Source: AWS Public Blockchain Data
Figure 4. USDC primary market activity on Ethereum during de-pegging event
Six line graphs displaying numbers related to minting and burning transactions for USDC between March 10 and March 15 arranged in a three by two grid. Each of the three rows contains side-by-side plots for burning and minting activity for a specific measurement, described further below.
Top row: Displays hourly number of burn (left) and mint (right) transactions. Y-axes range from 0 to 40 for burn transactions and 0 to 10 for mint transactions. Burn transactions are typically between 10 and 30 until March 13, at which point it decreases to below 10 until a spike to 30 on March 15. Minting transactions are in the low single digits for the entire period. The lack of burn transactions between mid-day on March 13 until early March 15 appears to be the most noticeable pattern.

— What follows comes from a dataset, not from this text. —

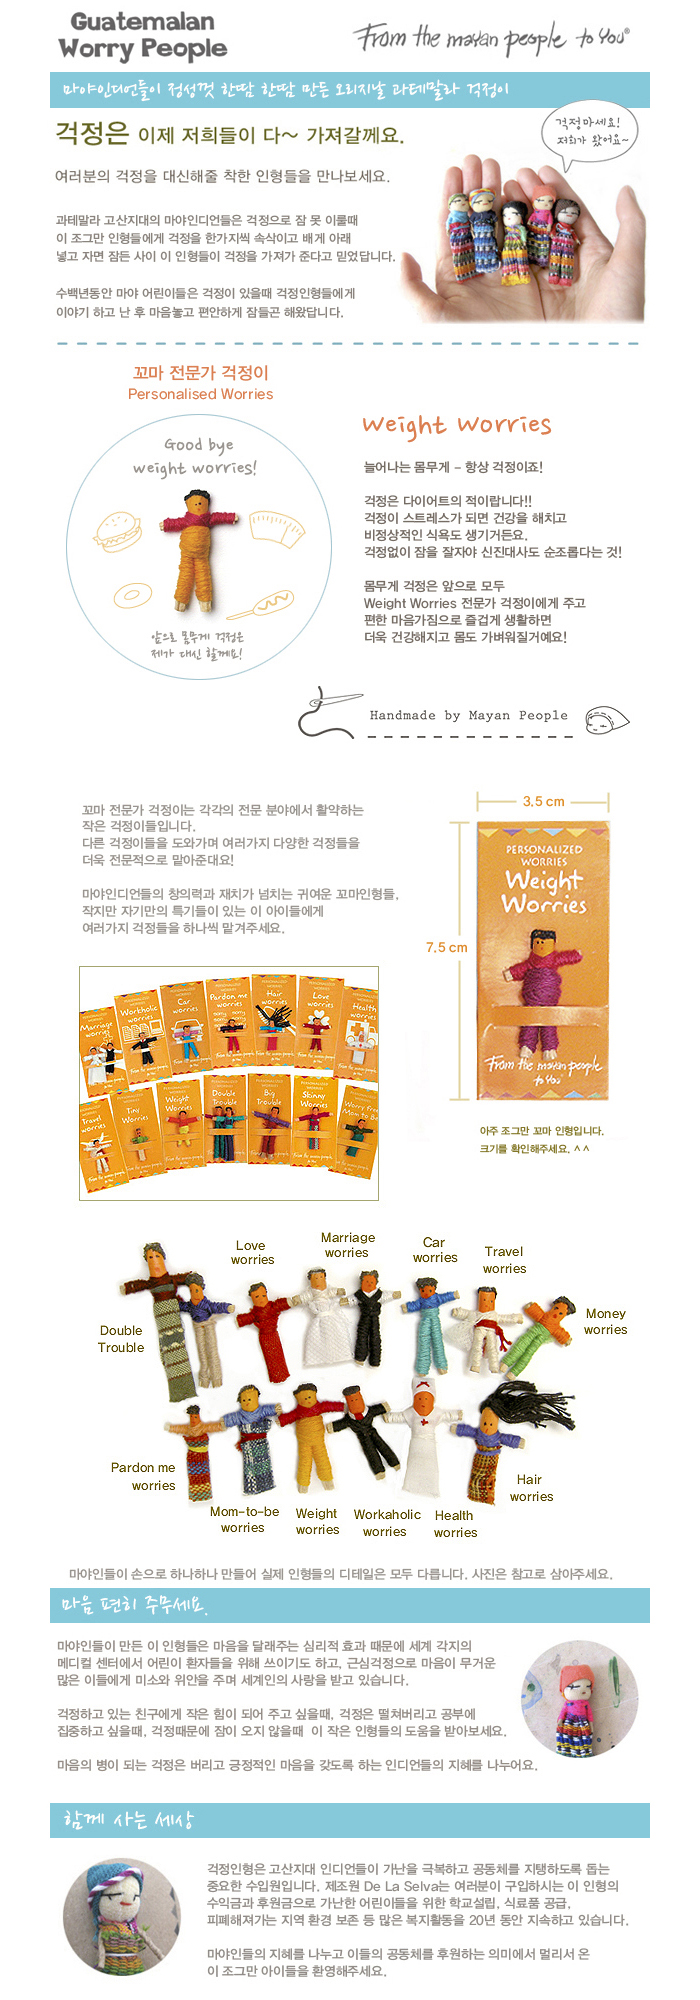 Weight Worries 꼬마 전문가 걱정인형 - 워리피플, 1,870원, 걱정인형, 워리피플

Middle row: Displays hourly number of tokens burned (left) and minted (right) in millions. Y-axes range from 0 to 800 million tokens for burning and 0 to just under 500 million tokens minting. Burns are generally below 100 million with four spikes to in the hundreds of millions. Mints are near-zero for the most part with one spike to around 500 million on March 12. No apparent pattern emerges.
Bottom row: Displays hourly average tokens per burn transaction (left) and mint transaction (right). Y-axes range from 0 to around 275 million tokens for burns and 0 to 150 million tokens for mints. Per-transaction averages spike twice, to above $250 million on March 14 and around $100 million on March, and spike once for minting transactions, to above $150 million on March 12. No apparent pattern emerges.
Source: AWS Public Blockchain Data
Figure 5. Net flows from primary to secondary markets
Line graph charting the net flows from primary to secondary markets for four stablecoins from March 1 to March 20, displayed in billions of tokens. Chart shows BUSD (red solid line) experienced a net outflow of between 250 and 500 million from March 1 to March 4 before climbing to near even by March 7 and then remaining around zero for the rest of the time period. Dai (blue dashed line) remains at around zero until March 10-11, when net flows peak at 850 million before decreasing to between zero and negative 200 million between March 14 and March 18, at which it remains to around zero. USDC (black dotted line) fluctuates mostly above even until March 9 before dipping significantly negative on March 10 and March 13 and remaining below 0 for most of the rest of the time period. USDT (dark gray dot-dash line) remains mostly positive, with a high of over 1.5 billion on March 4. Overall, a mixed picture emerges. BUSD’s significant net flows in early March slowed over the observed time period, USDC experienced significant negative flows after SVB’s collapse, and DAI’s flows swung considerably. USDT was the only stablecoin that stayed mostly positive for the whole period.
AWS Public Blockchain Data. Method of calculation from Lyons and Viwanath-Natraj (2023).